将String转换为Integer时的NumberFormatException

时间:2013-10-17 07:03:13

标签: java

我想将String数组转换为Integer。我写了这个,但是eclipse返回错误:

以下是代码:

public static void main(String[] args) throws IOException {
    BufferedReader br = new BufferedReader(new FileReader("array_list.csv"));
    String everything = "";
    try {
        StringBuilder sb = new StringBuilder();
        String line = br.readLine();

        while (line != null) {
            sb.append(line);
            sb.append('\n');
            line = br.readLine();
        }
        everything = sb.toString();
    } finally {
        br.close();
    }
    int firstArrLenght = everything.indexOf("]");
    int secondArrStartIndex = everything.lastIndexOf("[") + 1;
    int secondArrLenght = everything.lastIndexOf("]") - secondArrStartIndex;
    String[] firstStrArr = everything.substring(1, firstArrLenght).split(",");
    String[] secondStrArr = everything.substring(secondArrStartIndex, secondArrLenght).split(",");

eclipse并不喜欢这些行。我想将String Array转换为Integer。然后我将使用int来表示其他逻辑。

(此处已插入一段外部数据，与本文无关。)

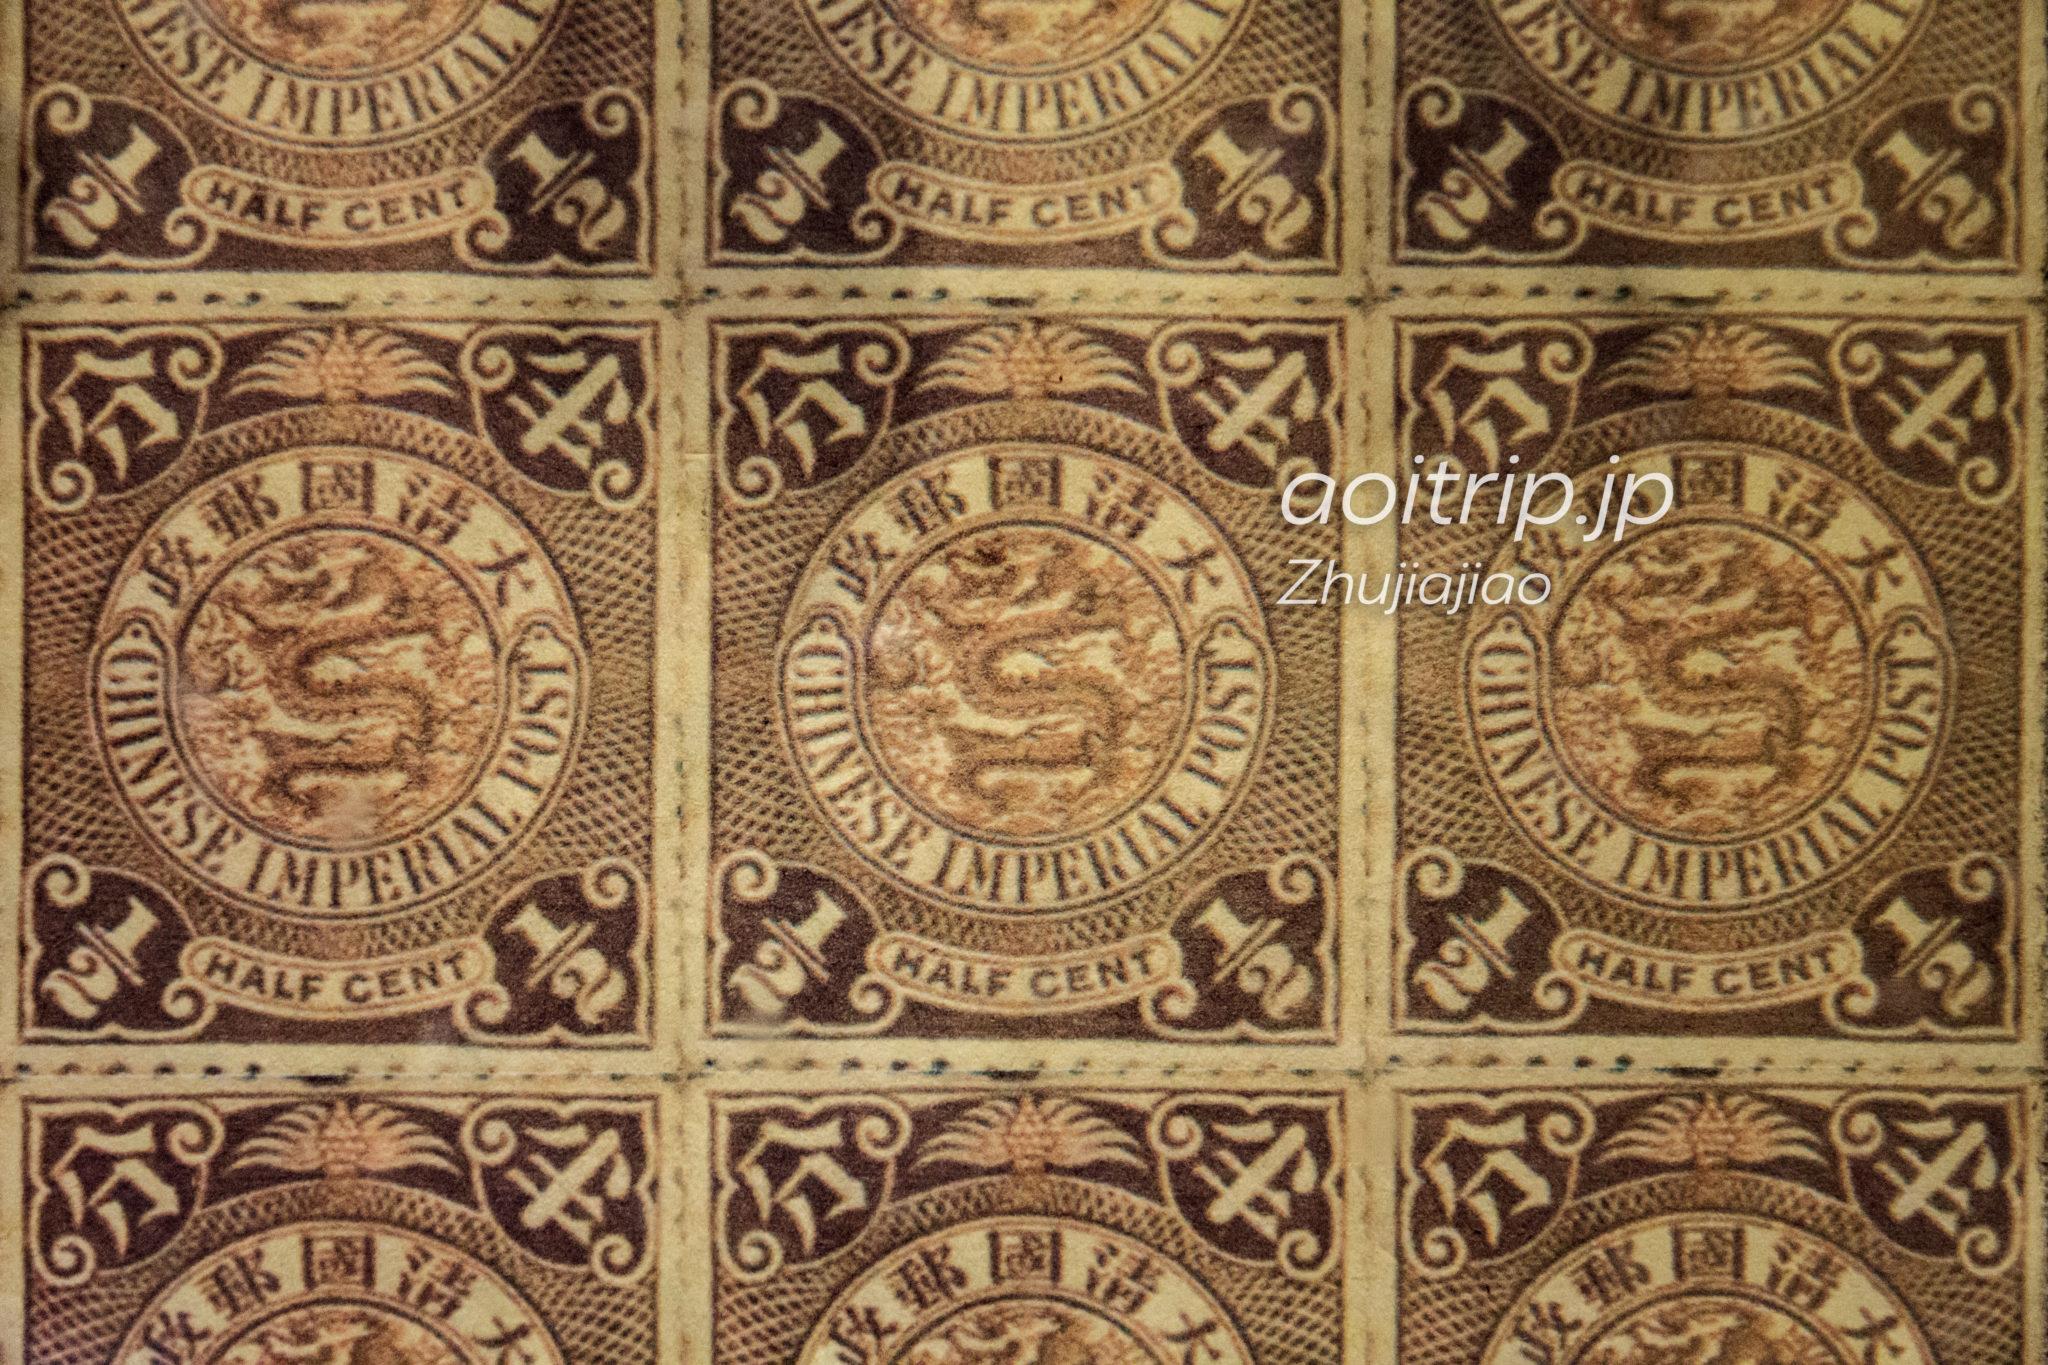 1876年に大清国が発行した龍の図柄の郵便切手

    int[] firstArray = transformToInt(firstStrArr);
    int[] secondArray = transformToInt(secondStrArr);

}


private static int[] transformToInt(String[] arr) {
    int[] result = new int[arr.length];
    for(int i = 0; i < arr.length; i++) {
        result[i] = Integer.parseInt(arr[i].trim());
    }

    return result;
}

异常堆栈跟踪:

Exception in thread "main" java.lang.NumberFormatException: 
For input string: "" at java.lang.NumberFormatException.forInputString(Unknown Source)
 at java.lang.Integer.parseInt(Unknown Source)
 at java.lang.Integer.parseInt(Unknown Source)
 at Java.transformToInt(Java.java:38)
 at Java.main(Java.java:30) 

任何想法有什么不对?

1 个答案:

答案 0 :(得分:4)

 java.lang.NumberFormatException: For input string: ""   

因此,您尝试解析的当前字符串在行

中为空
  result[i] = Integer.parseInt(arr[i].trim());

从空字符串中获取整数值是不可能的,这就是exception所说的。

您可以做的只是在String之前检查parsing的空虚。